M.I. -  “Ding” is a song by Seeed, a German hip hop, reggae and dancehall band and Melissa Bonny, singer of the band Ad Infinitum, is the special guest. Why did you choose this song and Melissa?

It was very interesting. I wouldn’t say it was hard, because it’s a very really good song and a good song can be transformed into any type of music. That’s why we were very inspired to do this. Yeah! It was hard work, but we had good flow with this. It was a lot of fun. It was a very really famous song, fifteen years ago. We all know it and each one of us danced to it at parties and got really drunk to this song. It was such a big hit, many years ago. We choose this song, because we all had a connection to it. We wanted to have a female singer, who could also growl and scream. We searched for one who could to this and that’s how we found Melissa Bonny.

M.I. -  On the 26th June, you created a release concert, with a crowdfunding, on Abenberg castle. How did it go? How did you choose the place?

The Abenberg castle has a really emotional connection to us and also to our fans, because there’s an annual Medieval Folk, Metal Rock Fest, which is the “Feuertanz Festival”, “The Fire Dance Festival”. We played there many, many times. I have visited it for fifteen years, every year.
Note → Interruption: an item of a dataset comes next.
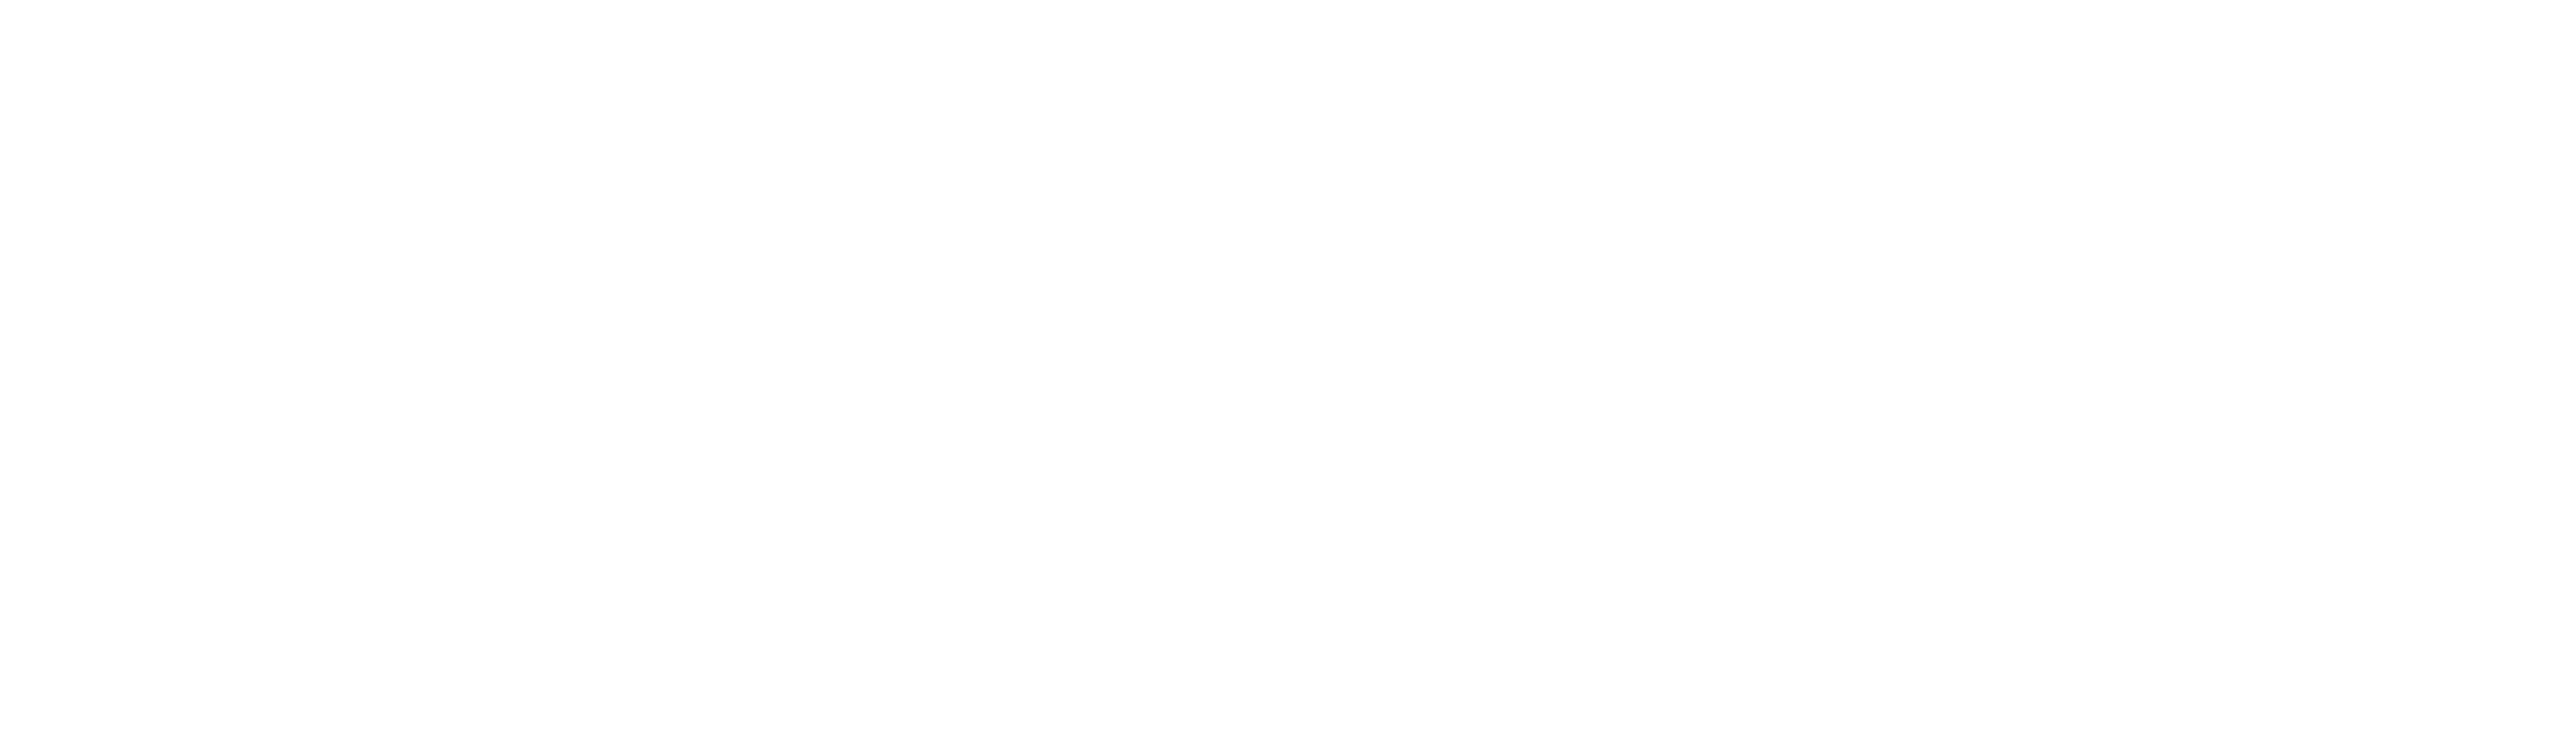 CB BUS I Autobusová doprava České Budějovice

There´s a big emotional connection to this festival and this year, it won’t take place. That’s why we chose this special castle for it.

M.I. -  On Facebook, you mention that the band reveals “High musical level, textual anarchy and disinhibition live - Metal, Met & Miezen for Ladies'n'Lords”. What do you mean by that?

Met & Miezen is a play on words, in German, because Mieze is basically a cat. But you can also call a woman (eine Mieze). A chick, you could say. That’s why it’s called “Met &Miezen”. “Met & Chicks”. On the early years, the lyrics were about drinking and sex. At a starting point, that was our motto.

M.I. -  Next year, you will tour with the band Warkings, as a support band, and will begin on January next year. Why did you choose them and not any other band? Will this tour come to other European countries, such as Portugal? What countries would you like to tour?

We stumbled upon this band, through Melissa. We thought it would be really cool, if we could perform the songs on tour. So, that’s why we asked the band, if they would come with us and they said: “Yes!”. I would really love to play there, but so far, we haven’t planned any concerts there, because I don’t know if we have so many fans in Portugal or Spain. We have to work on it. We had a concert, I think, ten years ago, in Russia, Moscow. I would love to repeat that, because that was really cool. I would really appreciate to visit the whole world. There are so many places to see… Greece, for example. I love medieval countries and Mediterranean countries, because of the History, the heritage, the climate and the sea. I love being on the sea. It would be cool to play everywhere.

M.I. -  Thanks so much for answering my questions. Any final words you’d like to share with your fans and our readers?

Have a good time, stay healthy, enjoy your day, live your life and enjoy the music.